Théoriquement oui. Même à l'heure du repas, refuser un client au motif qu'il ne souhaite consommer qu'un café serait considéré, au sens strict du code de la consommation, comme un refus de vente.
L'article L122-1 de ce code précise: "Il est interdit de refuser à un consommateur la vente d’un produit ou la prestation d’un service, sauf motif légitime, et de subordonner la vente d’un produit à l’achat d’une quantité imposée ou à l’achat concomitant d’un autre produit."
Vous pouvez aussi ne commander qu’une entrée, ou qu’un dessert. Dans les faits, il est fréquent qu'un restaurant débordé à l'heure du déjeuner réserve ses tables aux clients souhaitant manger. Et, à notre connaissance, personne n'a encore fait de procès à un établissement pour pareil motif... Mais si vous y tenez, sachez que c'est votre droit d'exiger cette possibilité.
· Un restaurateur peut-il m’alpaguer pour m’inciter à venir dans son restaurant?
Théoriquement non, car cela s'appelle aux yeux de la loi du racolage commercial, et c’est interdit. En réalité, la pratique est fréquente dans les zones très touristiques où la concurrence est rude. Et elle est très peu contrôlée.
· Peut-on exiger de l’eau du robinet, même dans un restaurant haut de gamme?
Que vous dîniez dans un restaurant bon marché ou dans un étoilé au guide Michelin, la règle est la même: le restaurateur a l'obligation de vous offrir de l'eau. Même chose pour le pain. C'est un arrêté qui remonte au 8 juin 1967 qui le dit. Plus exactement, l'eau et le pain doivent être inclus dans le prix du repas.
"Dans les établissements servant des repas, chacun des prix indiqués pour les plats, portions et boissons proposés comprend obligatoirement, les taxes, le couvert [...] Au sens du présent article, le couvert comporte obligatoirement, outre le pain, l’eau ordinaire, les épices ou ingrédients [...] usuellement mis à la disposition du client à l’occasion des repas," précise l'arrêté.
Alors, osez réclamer votre carafe.
· A-t-on le droit de ramener sa propre bouteille de vin au restaurant?

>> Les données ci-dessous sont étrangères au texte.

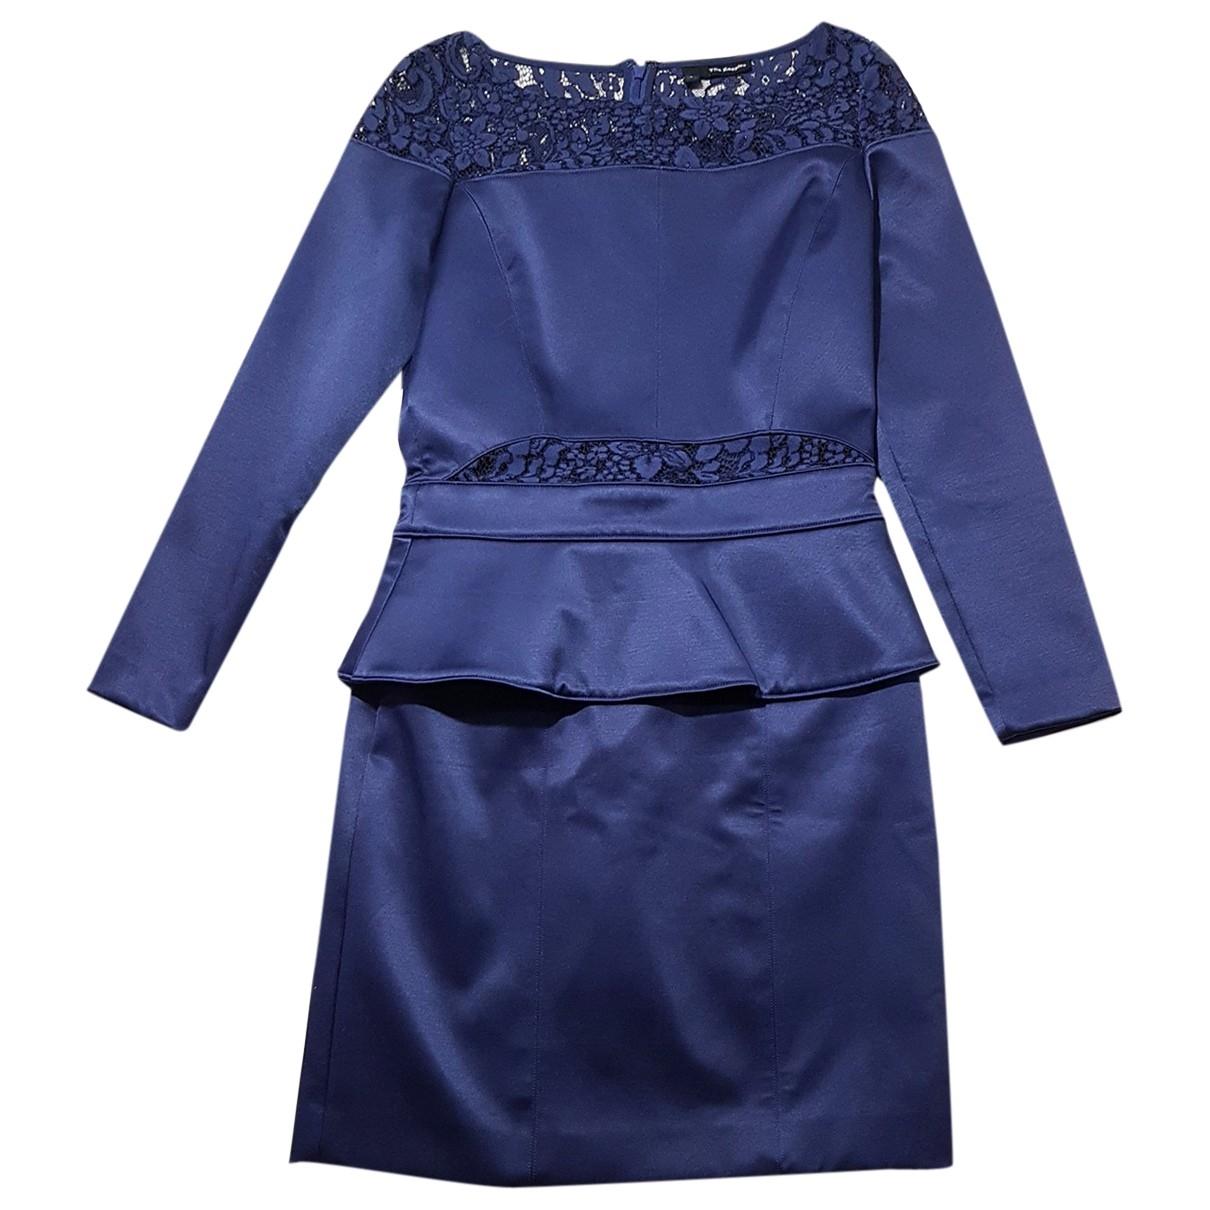 The Kooples \N Blue Cotton dress for Women S International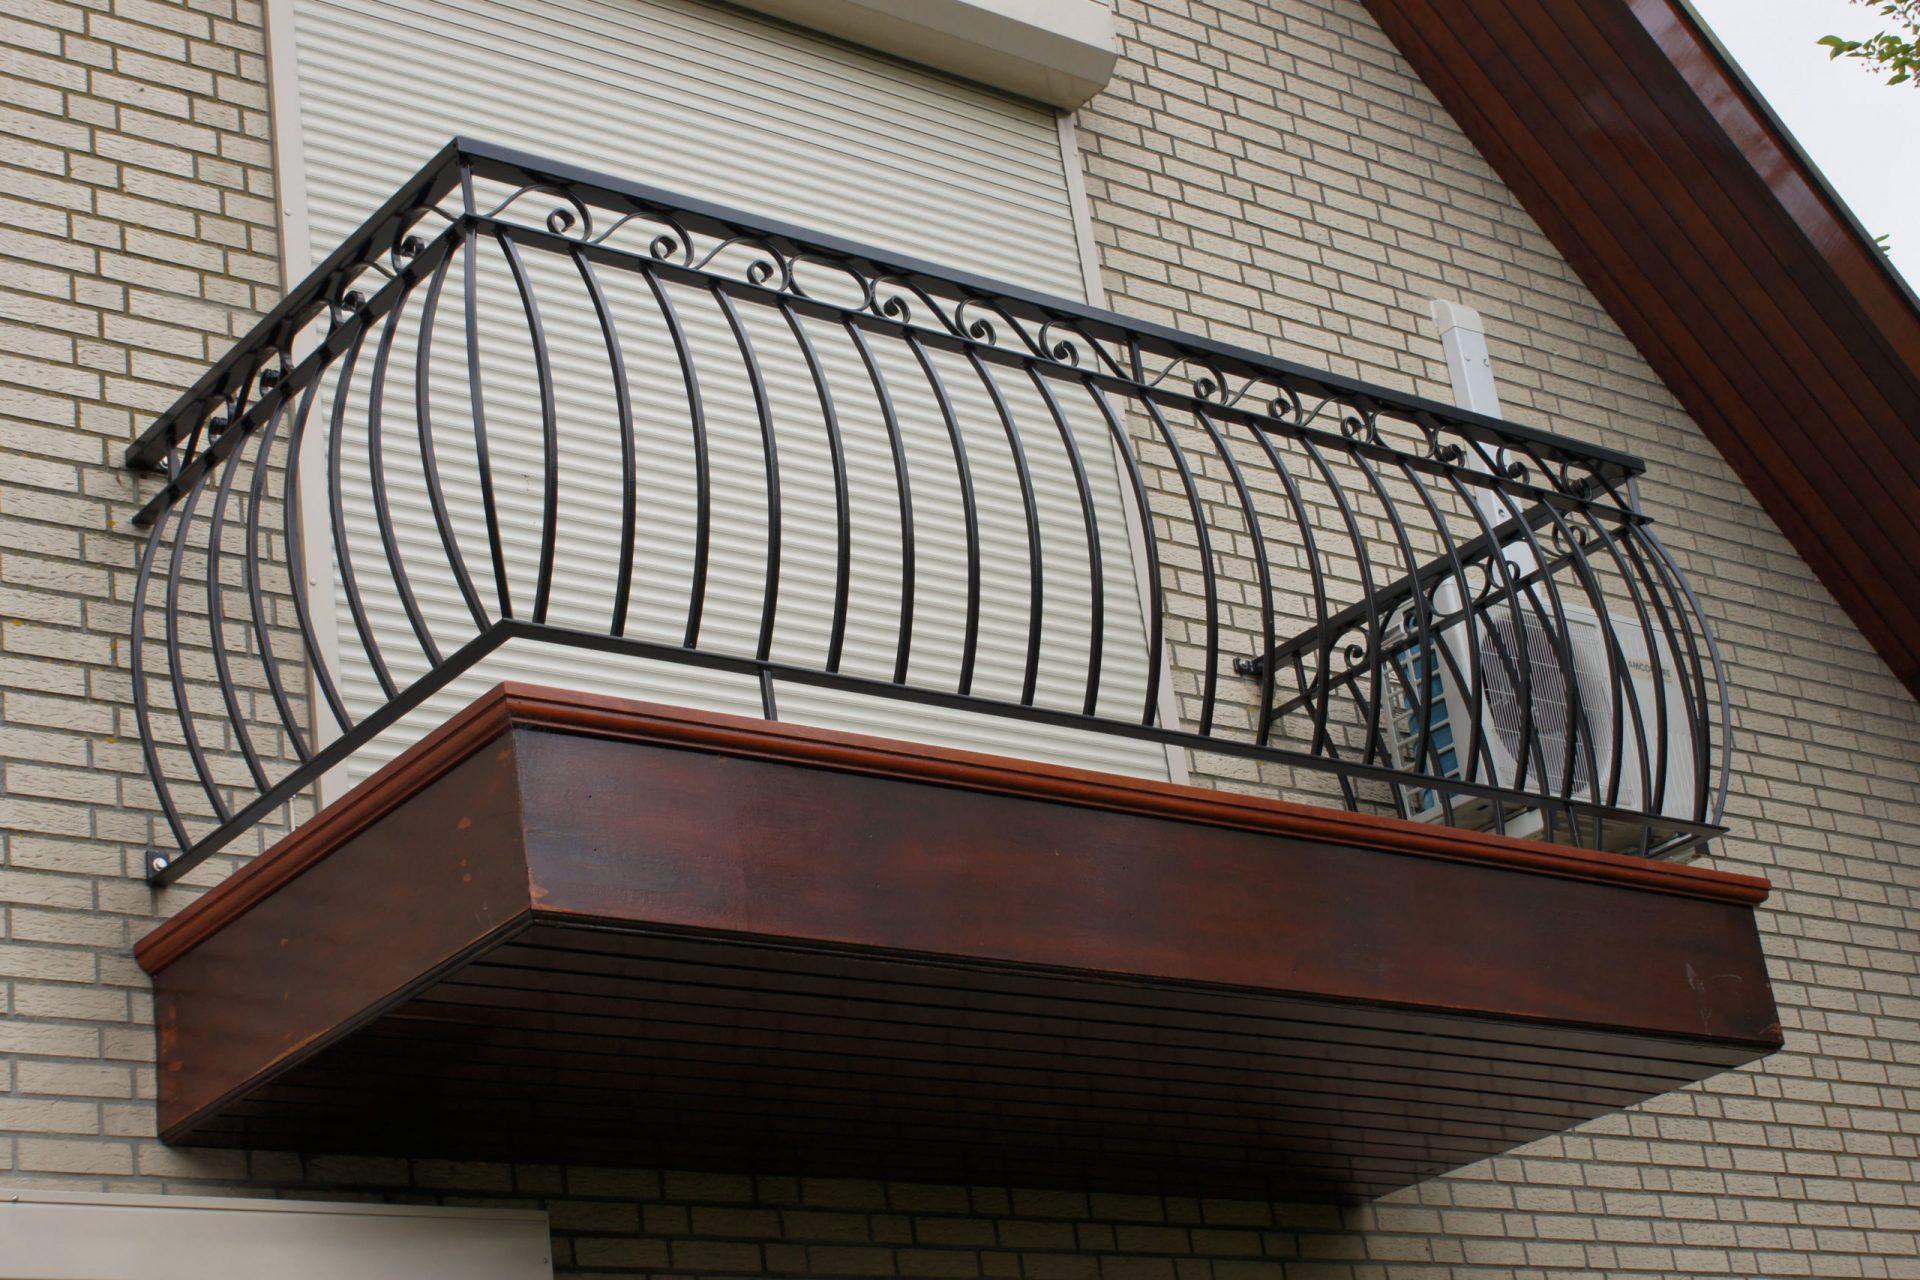 balkonhekwerk klassiek

La loi ne le prévoit pas, mais le restaurateur peut l’autoriser moyennant ce qu'on appelle un "droit de bouchon", usuellement compris entre 4 et 8 euros bien que ce prix soit libre, censé couvrir les frais de débouchage de la bouteille, de fourniture et nettoyage de vaisselle, etc. Cette coutume venue des pays anglo-saxons n'est pas dans la culture française et a du mal à s'imposer en France.
· Puis-je exiger d’emmener mes restes?
Oui, depuis 2021, les restaurateurs doivent laisser la possibilité à leurs clients d'emmener leurs restes dans ce qu'on appelle un "doggy bag". Ils n'ont pas l'obligation de le proposer mais ne peuvent pas le refuser. Cela fait partie de la loi AGEC, dite anti-gaspillage, qui vise entre autres à lutter contre le gaspillage alimentaire. Vous pouvez aussi repartir avec une bouteille de vin non terminée si vous l'avez payée.
· A-t-on le droit de renvoyer un plat en cuisine autant de fois qu'on veut?
Oui, en cas de motif légitime: si le plat est tiède, s’il y a une anomalie (un cheveu dans l'assiette par exemple) ou si le plat ne correspond pas à la description. Si c’est juste une question de goût, vous ne pouvez pas renvoyer votre assiette.
· Peut-on me demander de partir une fois que j’ai fini de manger?
Théoriquement non. Vous pouvez rester aussi longtemps que vous le souhaitez tant que le restaurant est ouvert. Sauf si on vous a prévenu au préalable de l'heure à laquelle vous devrez quitter les lieux (et si le temps qui vous est laissé sur place est convenable bien sûr).
· Peut-on me servir un plat surgelé sans me le dire?
Oui, car afficher qu’un plat n’est pas fait maison n’est pas obligatoire. Une proposition de loi visant à l’imposer a été retirée fin mars, face à la gronde des restaurateurs, qui jugeaient cette mention trop négative. Le député Richard Ramos a toutefois déposé à l'Assemblée nationale une nouvelle proposition de loi en ce sens mi-avril.

En revanche, un logo signifiant que le plat est fait maison existe et peut être librement utilisé par les restaurateurs. Il représente une casserole surmontée d'un toit.